Capture d’écran 2019-01-26 à 15

ELEMENTS DE CORRECTION BB.

Sujet type 1 : métropole 2014.

Question 1 : Mobilisation de connaissances (8 points)

Mettre en évidence les mécanismes aboutissant à une diversité phénotypique des descendants.

On considère 2 gènes : les nommer, nommer les allèles.

-        Réaliser un 1° croisement => P1 x P2 -> F1
gamètes formés par chaque parents, phénotypes et génotypes de F1 (écriture ou schéma)

-        Réalisation d’un test-cross : F1 x P2

-        Détailler la fabrication des gamètes de F1 :

  • Gènes indépendants,
  • Brassage inter-chromosomique en métaphase 1 = disposition aléatoire des chromosomes non homologues de part et d’autre de l’équateur de la cellule (SCHEMA)
  • => 4 gamètes différents dans les mêmes proportions

-        Fécondation de chaque gamète par celui de P2 :

  • Tableau de croisement attendu
  • Schéma du génotype ou écriture exacte

-        4 phénotypes différents dont 2 nouveaux, les recombinés.

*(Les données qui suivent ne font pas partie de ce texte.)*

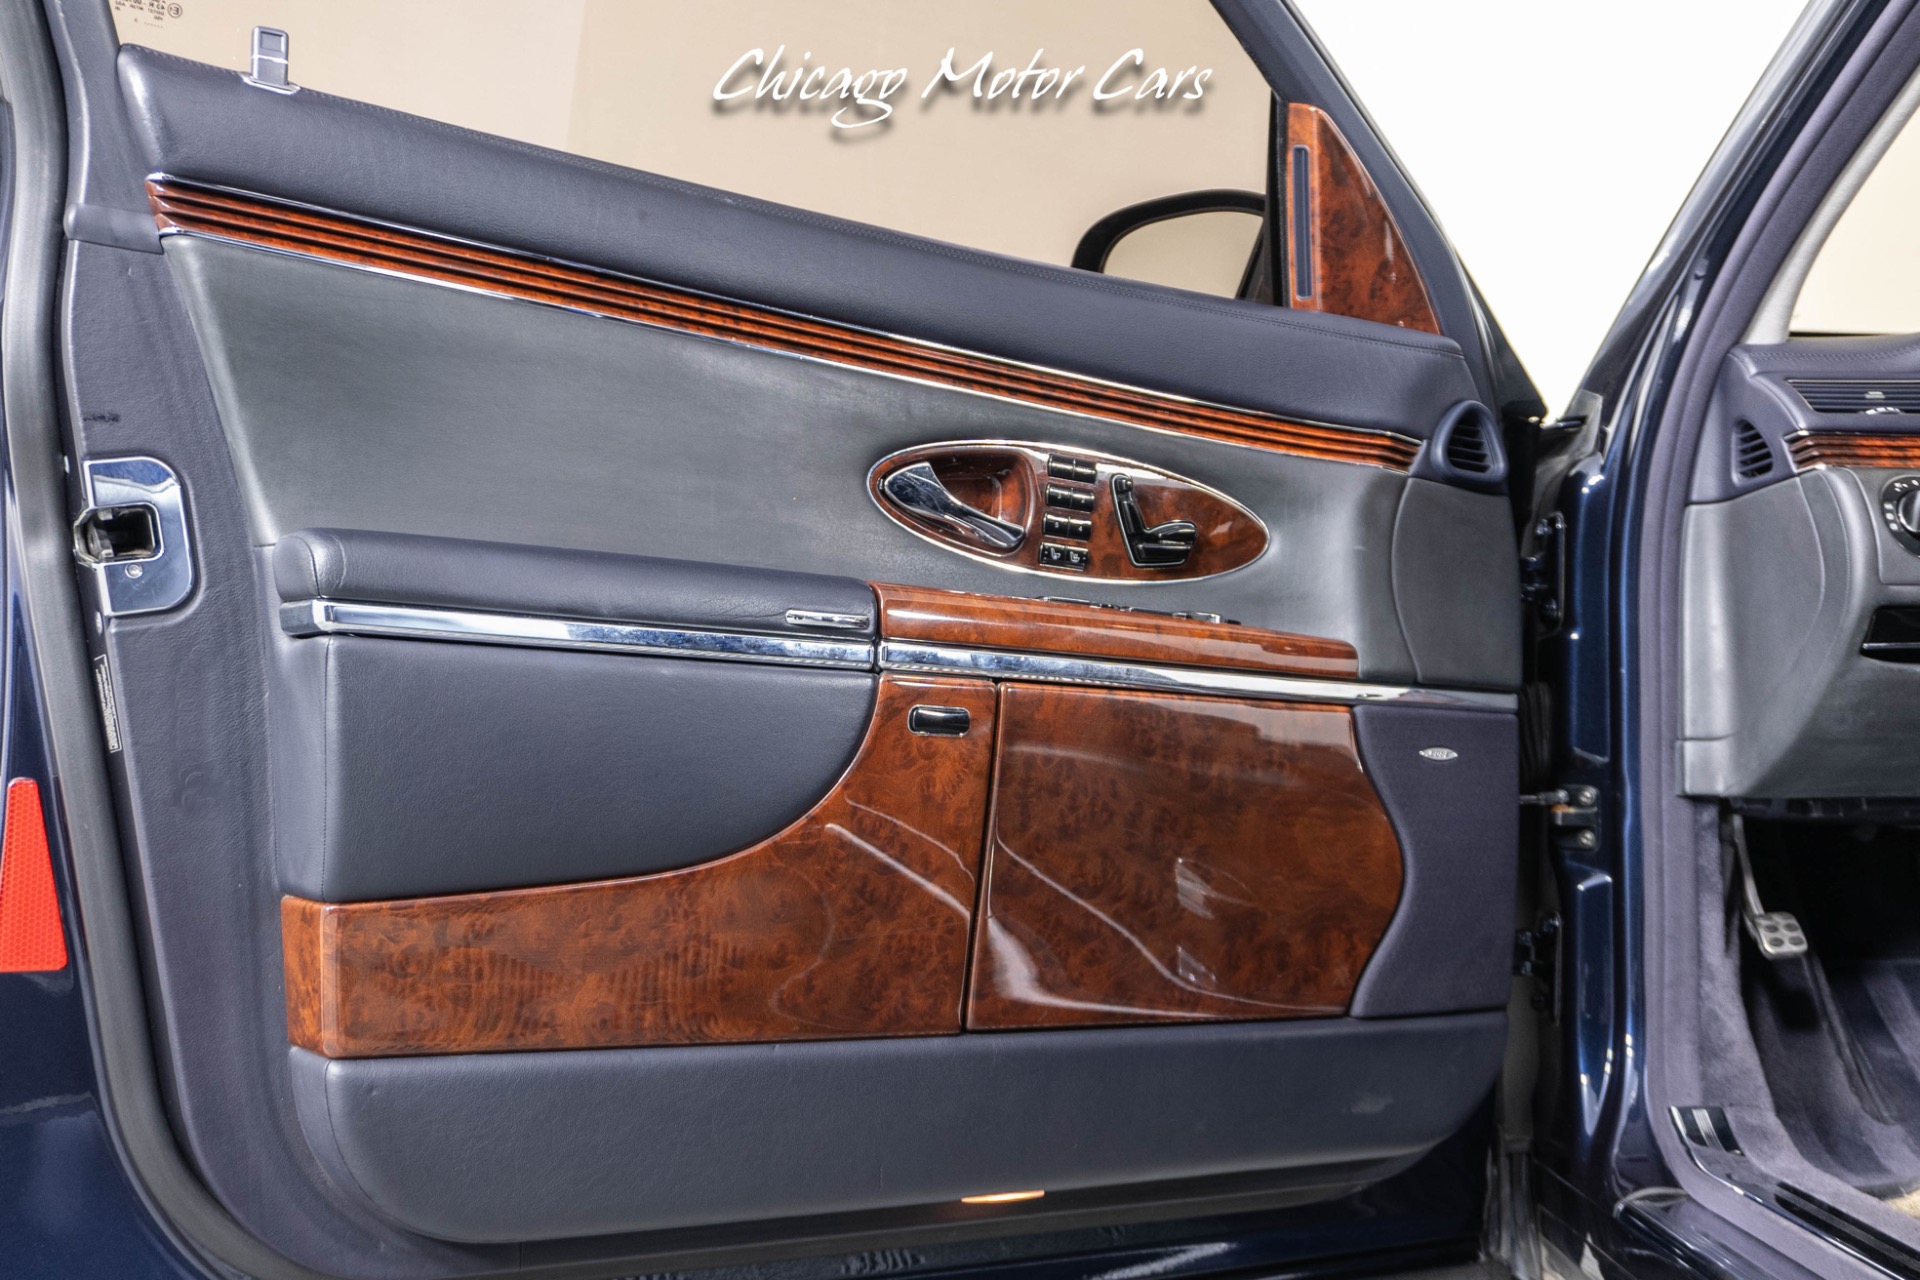 Used-2004-Maybach-62-LWB-Electrotransparent-Glass-Roof-Ventilated-Front-and-Rear-Seats-Loaded

Voir intro, développement construit et conclusion.

Si pas de schéma : max 5

 

Question 2.1 : 3pts.

1 : c (0.5)

2 : a (1)

3 : a (1)

4 : a (0.5)

 

Question 2.2 : 5 pts

Linné classe l’homme parmi les primates

Après l’étude de séquences moléculaires, Goodmann envisage de rapprocher l’homme et le chimpanzé en un seul genre : homo ; discutons cette proposition à partir des docs et de nos connaissances.

 

Doc1 : COX2 : arbre moléculaire montrant un AC unique entre chimpanzé et homme ; c’est entre ces 2 espèces qu’il y a le moins d’AA différents.

Doc 2 : opsine bleue : aucune différence entre homme et chimpanzé, 1 seule avec le gorille et + de 100 avec le macaque qui est donc le plus éloigné et avec le chimpanzé qu’il le plus proche.

 Doc 3 : COI beaucoup plus de différences de nucléotides entre homme et chimpanzé 64, 68 entre homme et gorille, donc homme + proche du chimpanzé ; le chimpanzé et le gorille sont éloignés de façon similaire.

A noter que le changement de nucléotides n’entraine pas forcément le changement d’AA.

Doc 4 : au niveau anatomique :
le pied de l’homme actuel et de l’homme habilis ont même position du hallux, court et accolé aux autres orteils alors que celui du chimpanzé est éloigné des autres : il est opposable facilitant l’accrochage aux branches.
Au niveau du crâne, la position du trou occipital est reculée chez le chimpanzé et centré chez le fossile ER 1813 (un H. habilis)

Or la lignée humaine, donc le genre homo se caractérise par une bipédie permanente avec aptitude à la course et cette aptitude est permise par la position centrée du trou occipital où se « raccroche » la colonne vertébrale.

Bilan : hypothèse de Goodmann pourrait se justifier si on ne tenait compte que de l’aspect moléculaire. (Peu ou pas de différences observées entre les 2)

Mais l’aspect anatomique montre une organisation du crâne et du pied bien différente ne permettant la bipédie permanente que dans la lignée Homo on ne peut donc pas placer le chimpanzé et l’homme en 1 seul genre.